Studio album by Cain's Offering
- Released: 11 September 2009
- Recorded: 2009 in DrumForest Studios, Astia Studio, Studio 57, Cornerstone Studio, Cave Studio and Living Room Glory Studio
- Genre: Power metal
- Length: 45:43
- Label: Avalon (Japan) Frontiers (Europe, USA)
- Producer: Jani Liimatainen

Cain's Offering chronology
|  | Gather the Faithful (2009) | Stormcrow (2015) |

= Gather the Faithful =

Gather the Faithful is the debut studio album of Finnish power metal band Cain's Offering, an all-star project started by former Sonata Arctica guitarist Jani Liimatainen. It was recorded in 2009 in different studios in Finland and was released on 22 July 2009 in Japan via Avalon. On the band's website the band stated that they're "right now concentrating on the following European/US release, which most likely will be end of August" and that they're "in negotiations with a well-known label, and will soon be able to announce the deal and tentative release date." The album was mixed by Jimmy Westerlund in Los Angeles, Hollywood and mastered by Eddy Schreyer at Oasis Mastering, Los Angeles, Burbank. On 25 June the band announced that their debut album will be released on 28 August in Europe and on 11 September in the USA by Frontiers Records.

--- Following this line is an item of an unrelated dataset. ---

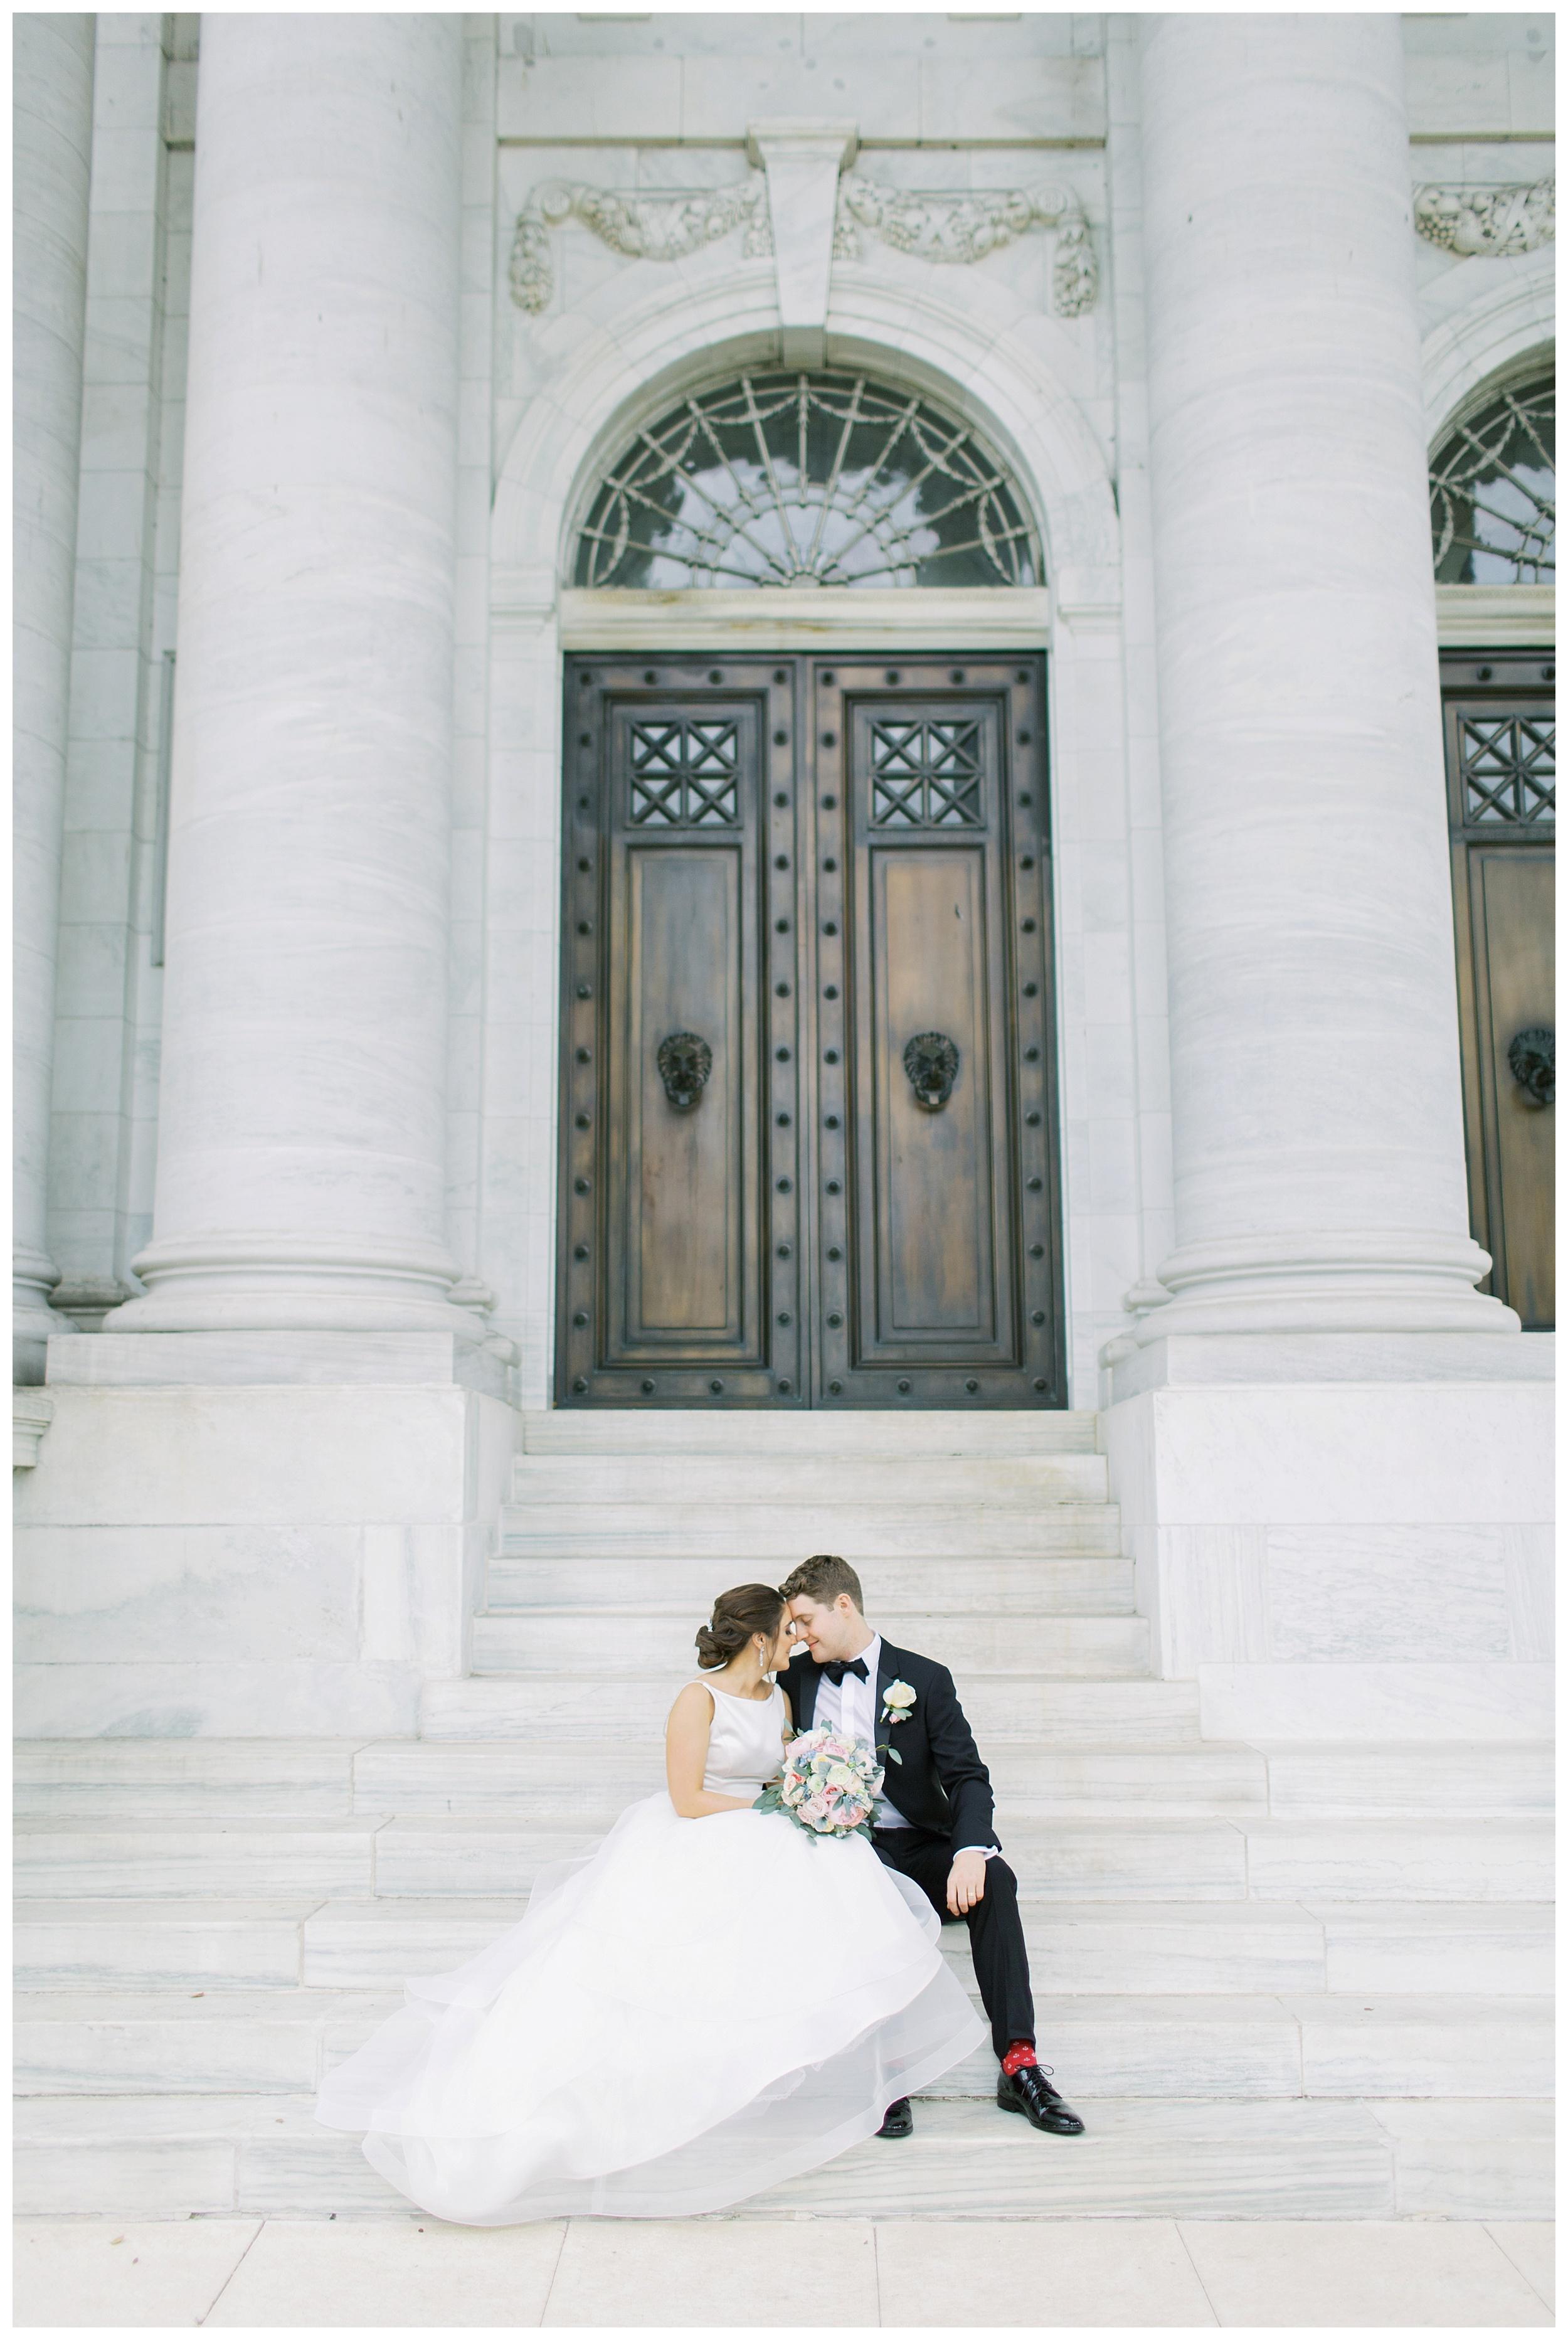 DAR Constitution Hall Wedding Wedding | Daughters of the American Revolution Wedding | District of Columbia Film Wedding Photographer Kir Tuben_0119.jpg

The tracks "Stolen Waters" and "Ocean of Regrets" were written when Liimatainen and Jani Hurula were still members of Paul Di'Anno's touring band.

== Track listing ==
All songs written by Jani Liimatainen.

1. "My Queen of Winter" – 4:15
2. "More Than Friends" – 4:20
3. "Oceans of Regret" – 6:21
4. "Gather the Faithful" – 3:50
5. "Into the Blue" – 4:25
6. "Dawn of Solace" – 4:18
7. "Thorn in My Side" – 4:07
8. "Morpheus in a Masquerade" – 6:51
9. "Stolen Waters" – 4:35
10. "Tale Untold" (bonus track for Japan) – 4:08
11. "Elegantly Broken" – 2:46

== Charts ==

| Chart (2009) | Peak position |
|---|---|
| Finnish Albums Chart | 20 |

== Credits ==
- Cain's Offering
- Timo Kotipelto – lead vocals
- Jani Liimatainen – guitars, additional keyboards, backing vocals, programming on all tracks, choir on "More Than Friends"
- Jukka Koskinen – bass
- Mikko Harkin – keyboards
- Jani Hurula – drums

- Additional musicians
- Petri Aho, Antti Railio – backing vocals, choir on "More Than Friends"
- Janne Hurme – Choir on "More Than Friends"

== Unreleased track ==
On Jani Hurula's Myspace profile, he uploaded an unreleased track called "13th Disciple" with Jani Liimatainen on vocals rather than Timo Kotipelto.